Swank L A, Chejfec G, Nemchausky B A
Arch Intern Med. 1978 Jun;138(6):997-8.
A 36-year-old man had pain in both knees and an elevated uric acid concentration; his liver function was normal. Allopurinol therapy was started, 100 mg twice daily. After one month fever, lethargy, and severe polyarthralgia developed. On admission to our hospital liver function was abnormal, and a liver biopsy specimen showed granulomas with cholangitis and pericholangitis. He also had lymphopenia with a reduced number of T cells and granulomas in the bone marrow. One month after discontinuation of allopurinol therapy the patient was clinically well with normal liver function and a normal lymphocyte count.
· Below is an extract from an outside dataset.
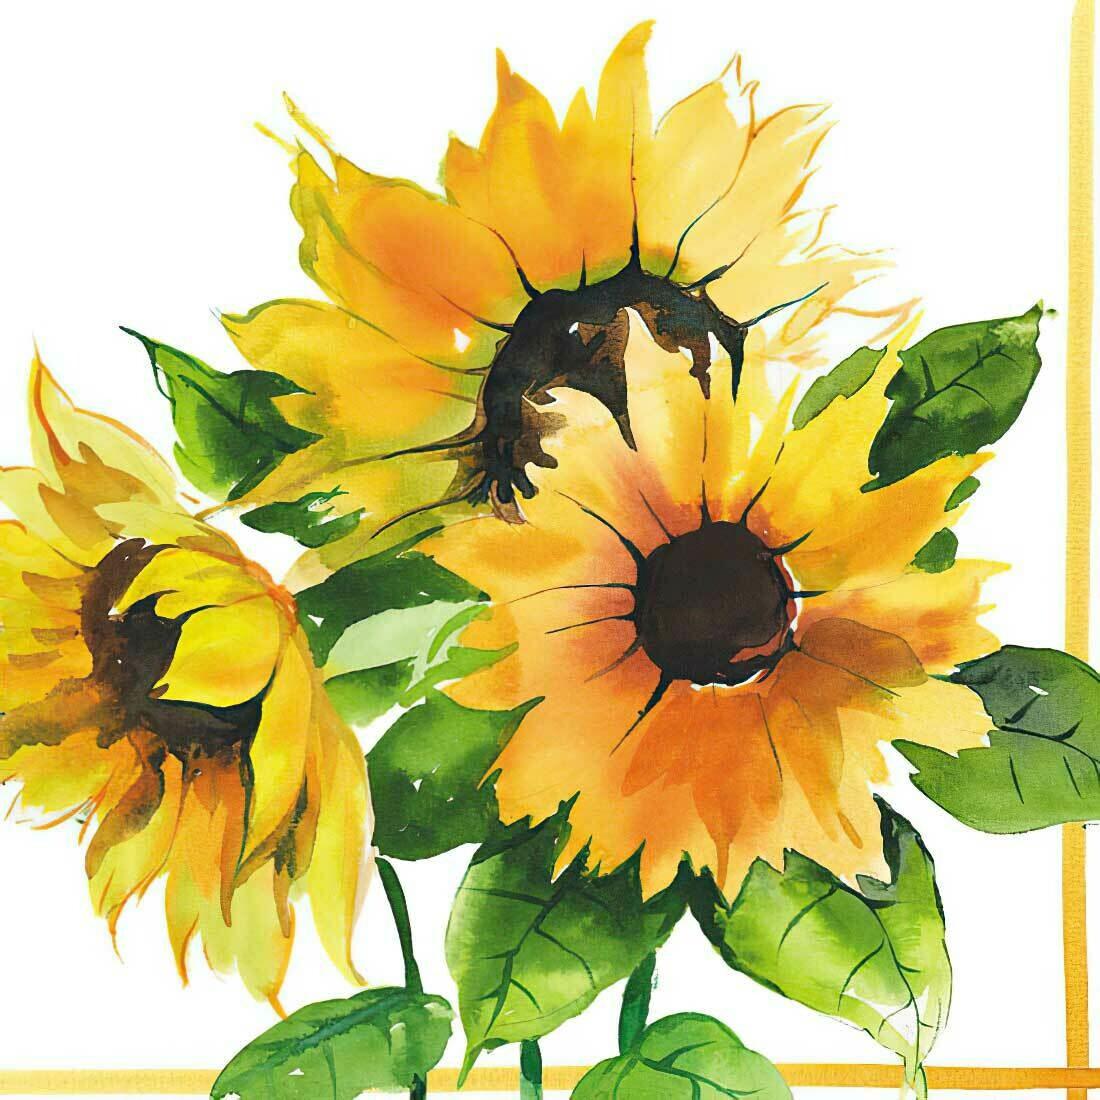 Decoupage Paper Napkins - Floral - Girasoli (Sunflower) 13x13 (1 Sheet)

A repeated liver biopsy specimen showed normal liver tissue with no granulomas. The onset of the symptoms and findings shortly after the initiation of allopurinol therapy, and their disappearance after the discontinuation of therapy suggest a drug-induced hypersensitivity.
一名36岁男性双膝关节疼痛,尿酸浓度升高,肝功能正常。开始使用别嘌醇治疗,每日两次,每次100毫克。一个月后出现发热、嗜睡和严重的多关节痛。入院时肝功能异常,肝活检标本显示有肉芽肿伴胆管炎和胆管周围炎。他还出现淋巴细胞减少,T细胞数量减少,骨髓中有肉芽肿。停用别嘌醇治疗一个月后,患者临床症状良好,肝功能和淋巴细胞计数正常。再次肝活检标本显示肝组织正常,无肉芽肿。别嘌醇治疗开始后不久出现症状和检查结果,停药后消失,提示为药物性超敏反应。